## What the task asks
Exactly retype the lines below from the one containing "FDA finalizes GFI #120" through the end of the listing. Leave pictures out.

## Given material
--

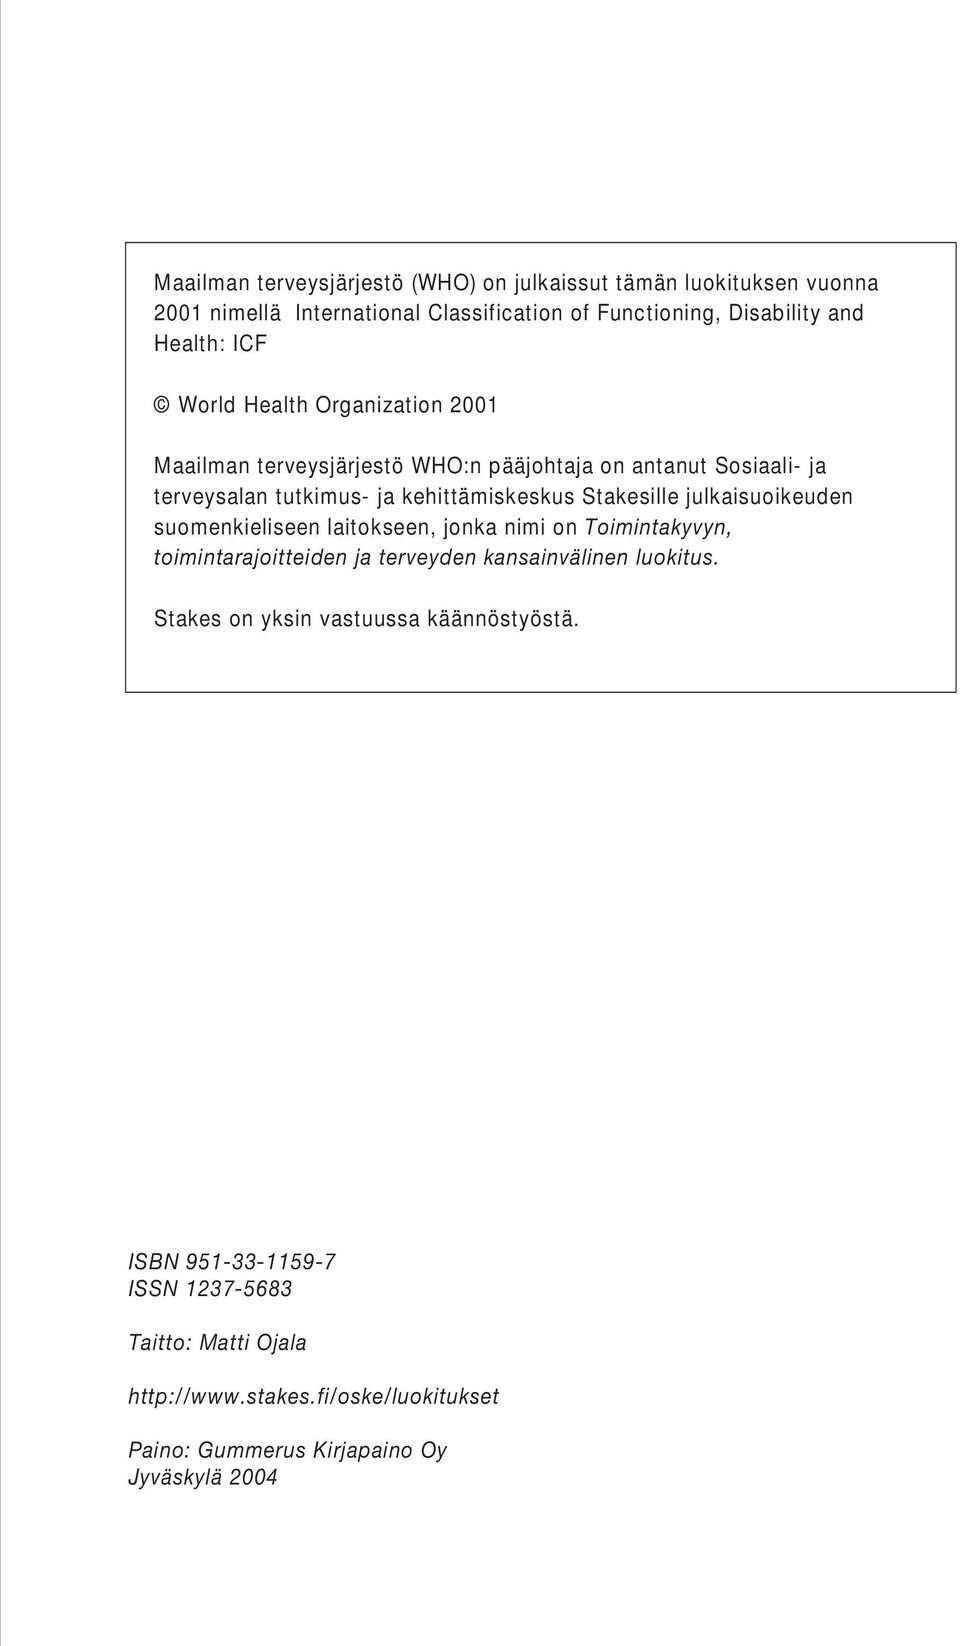 julkaisuoikeuden suomenkieliseen laitokseen, jonka nimi on Toimintakyvyn, toimintarajoitteiden ja terveyden kansainvälinen luokitus.
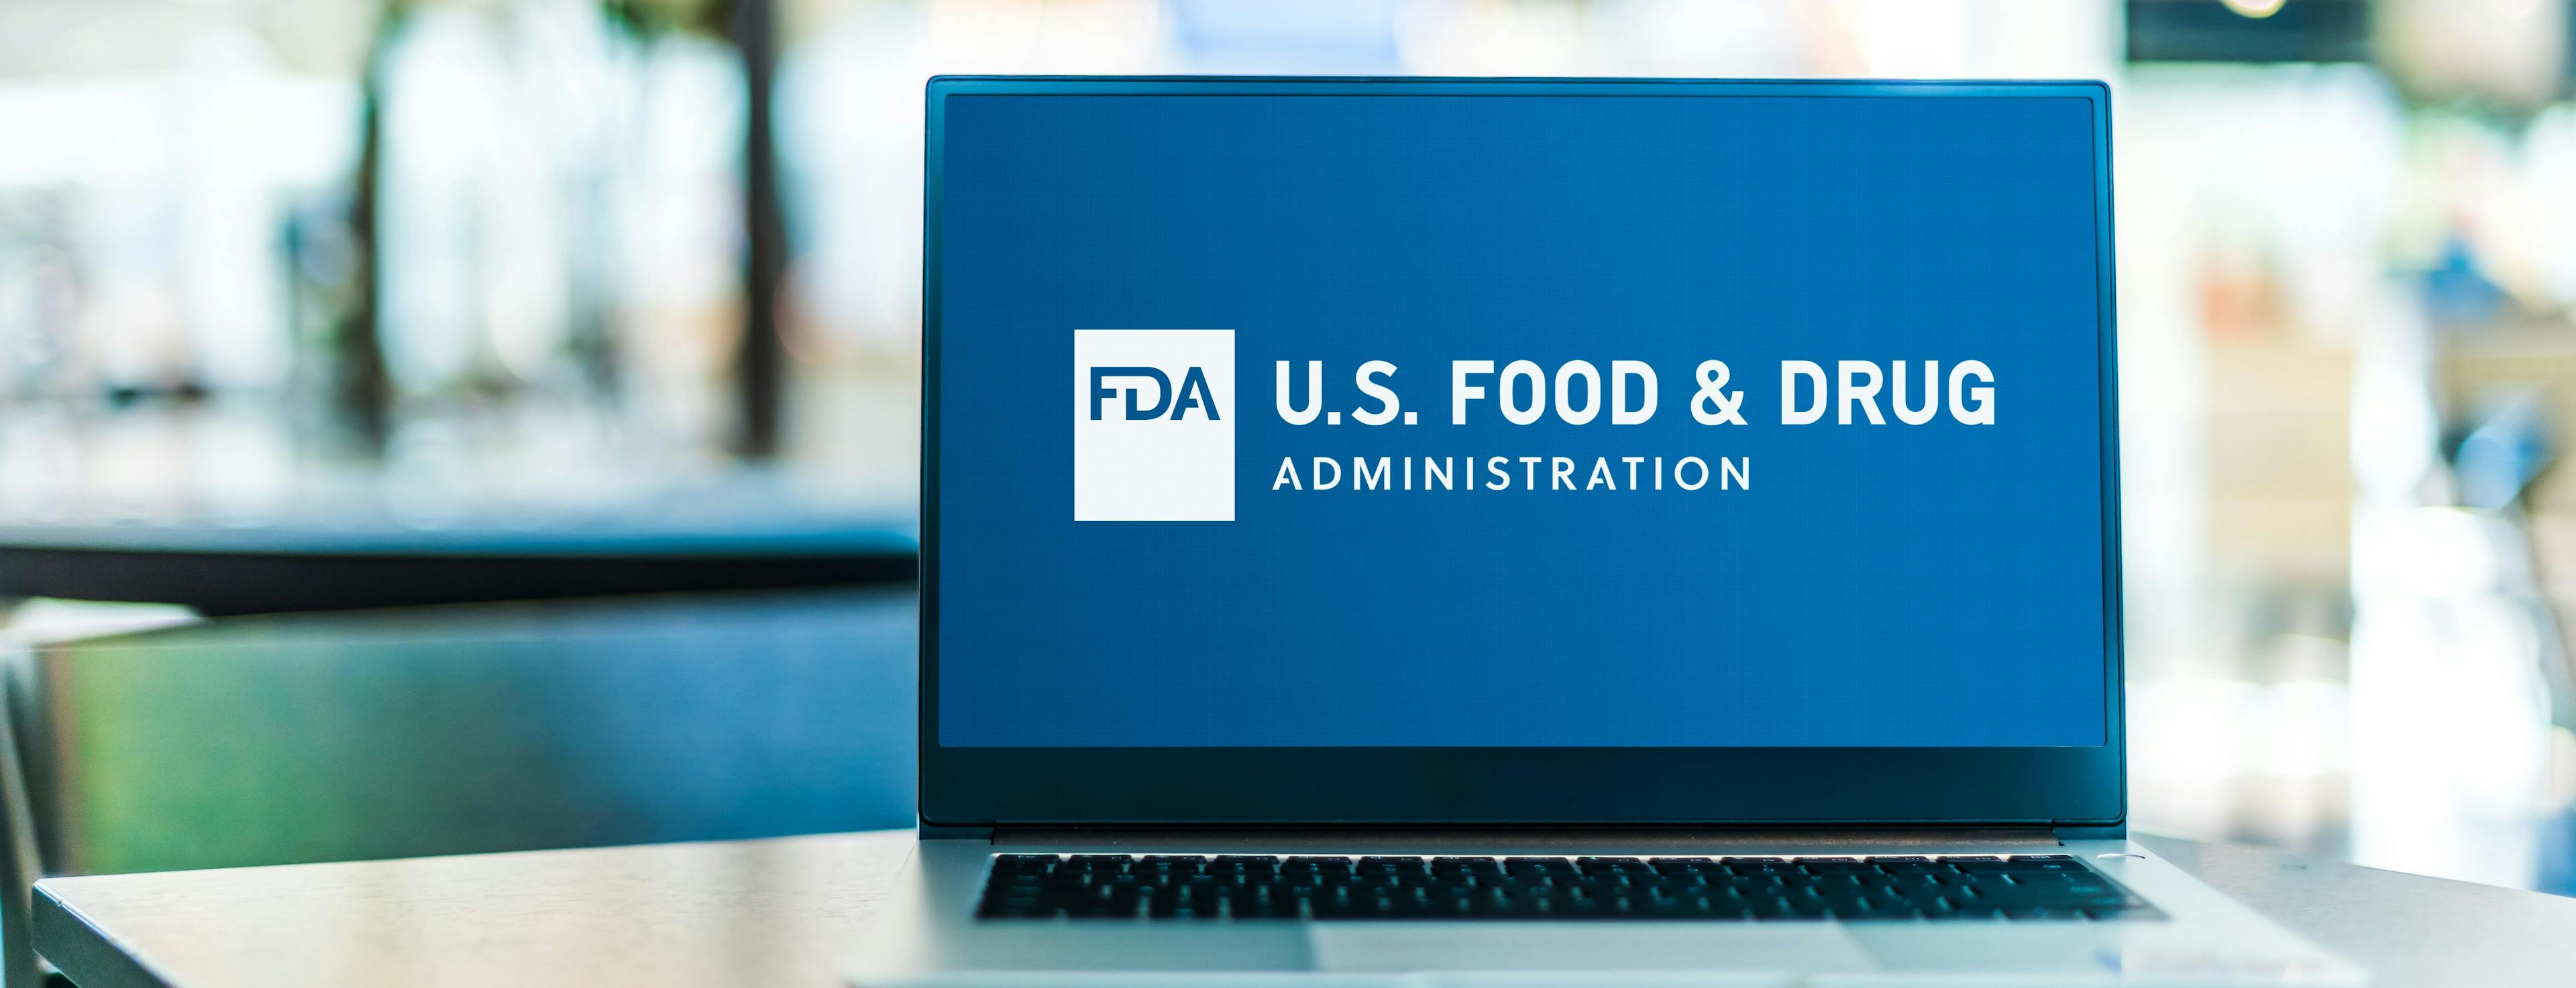 FDA finalizes GFI #120
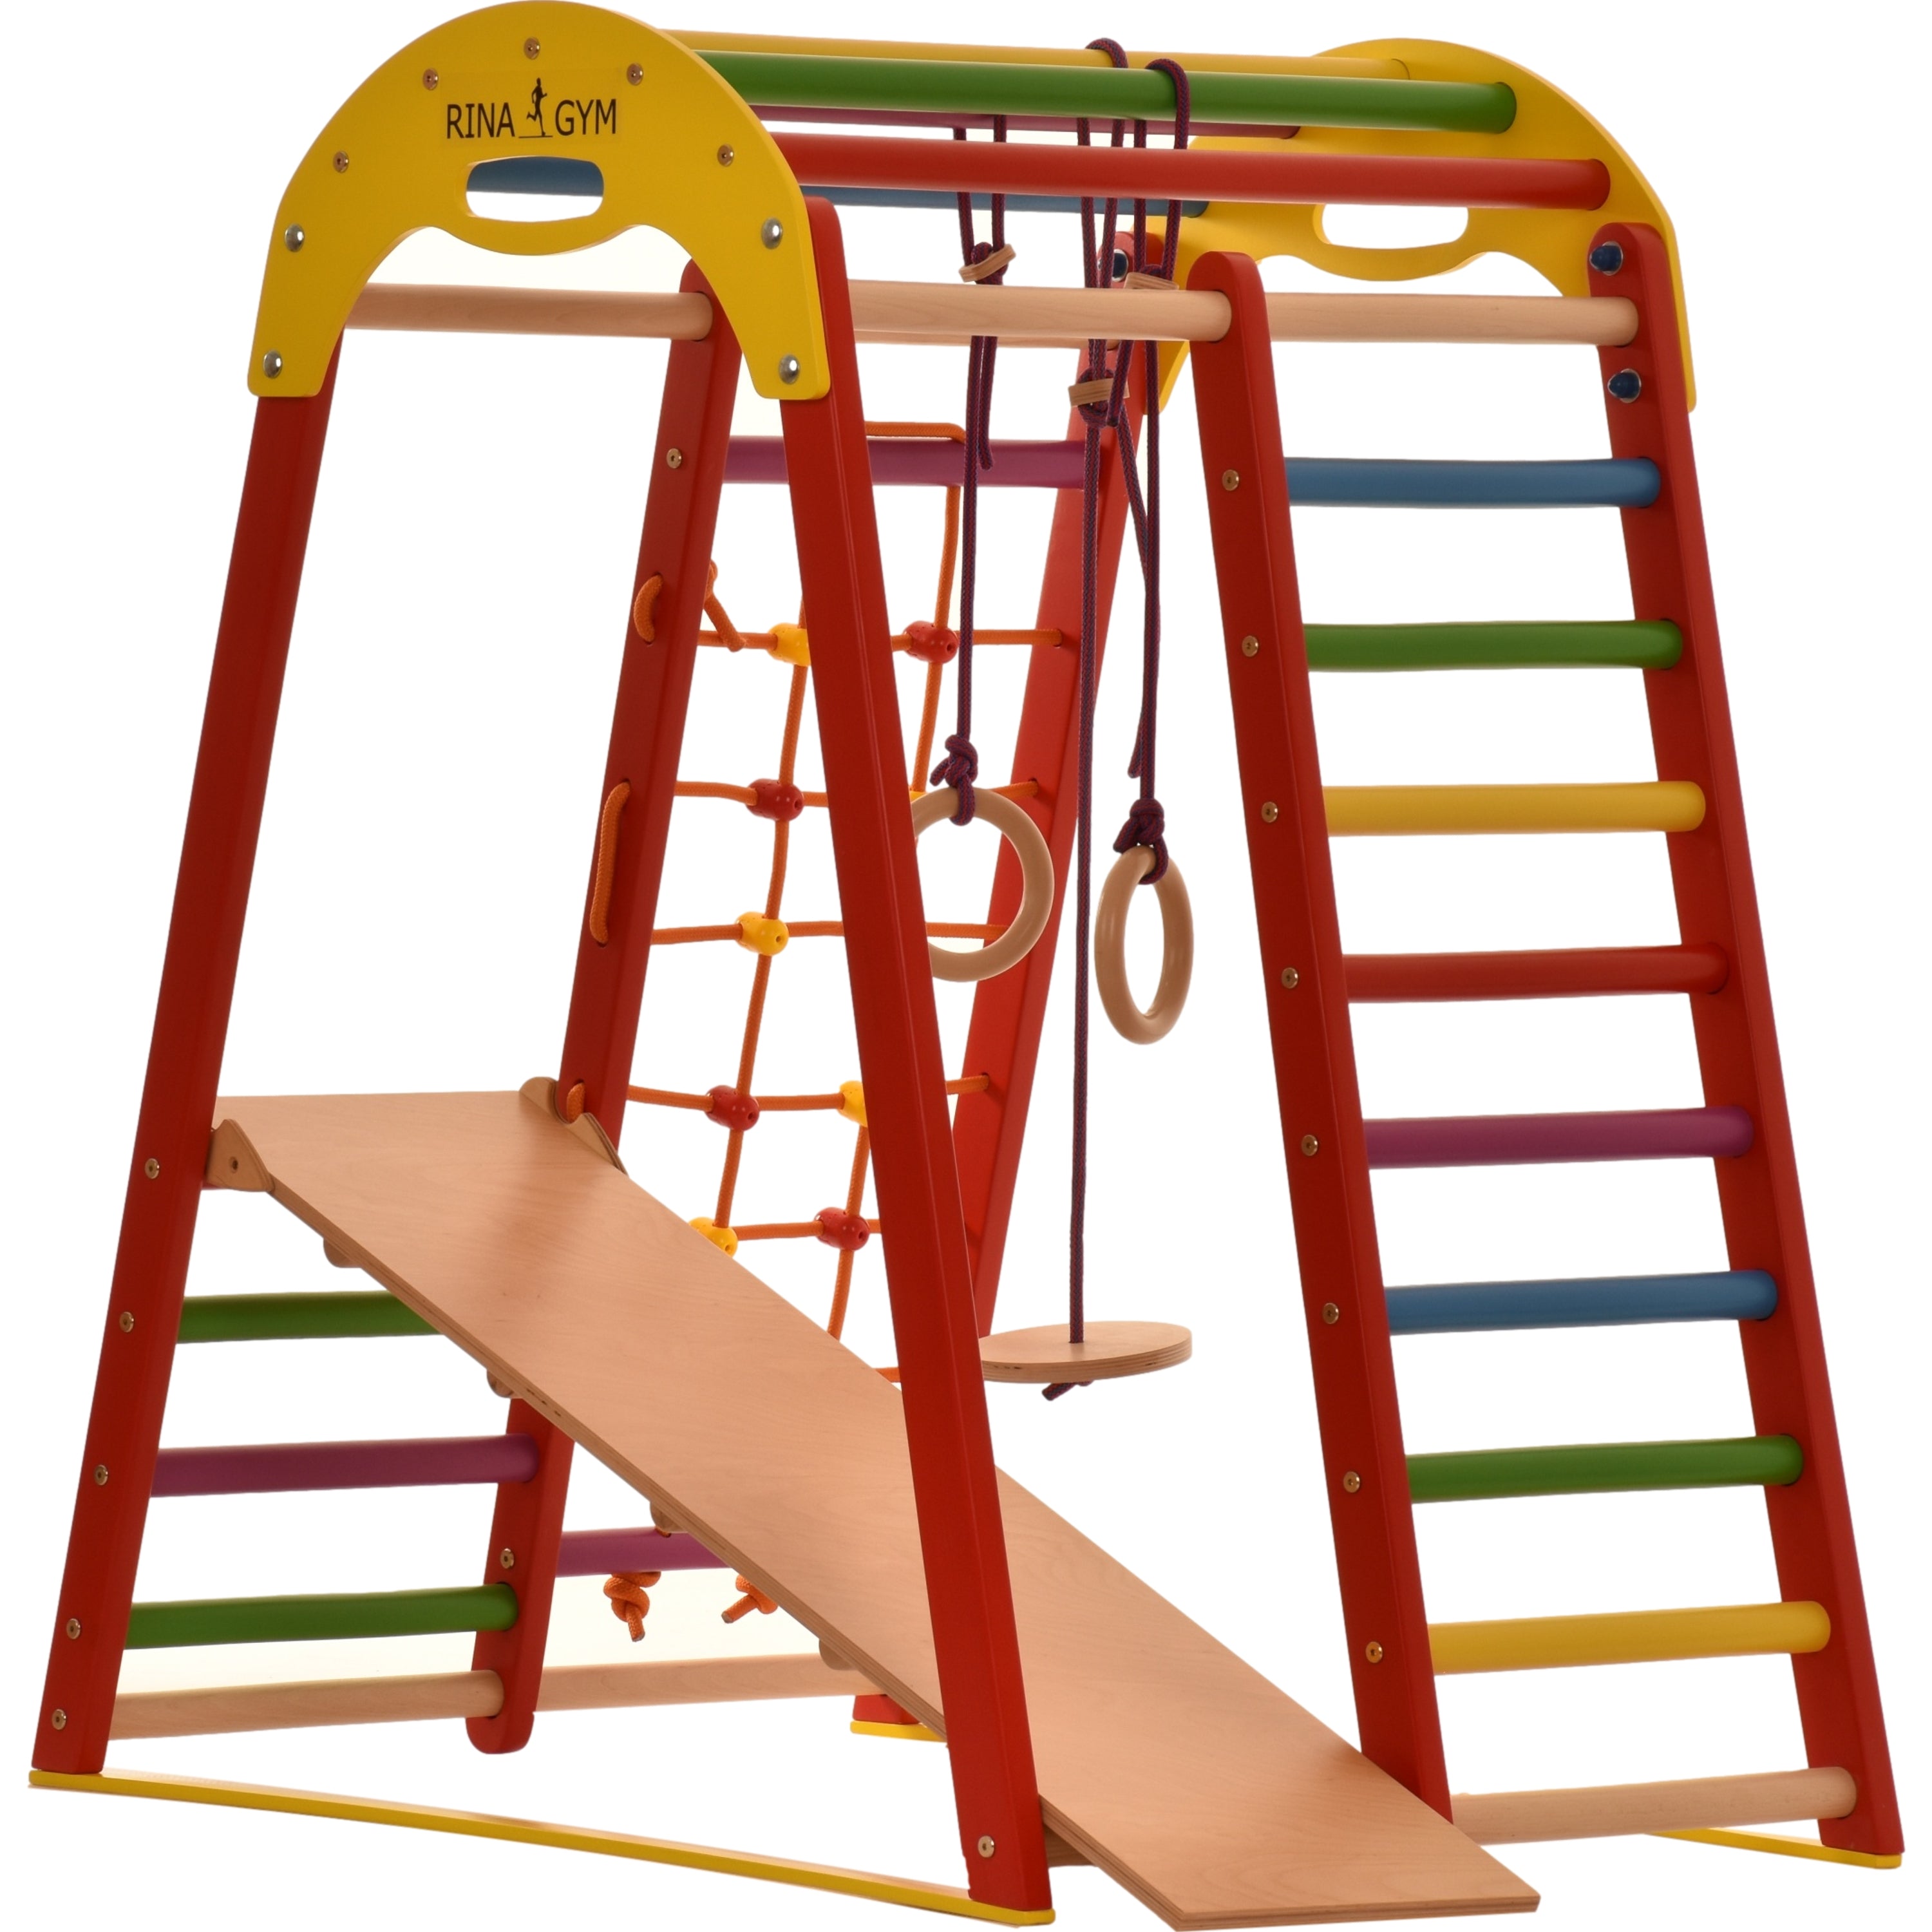 Trójkąt wspinaczkowy RINAGYM-drewniany plac zabaw

--

## Solution to the exercise
 FDA finalizes GFI #120
 Trójkąt wspinaczkowy RINAGYM-drewniany plac zabaw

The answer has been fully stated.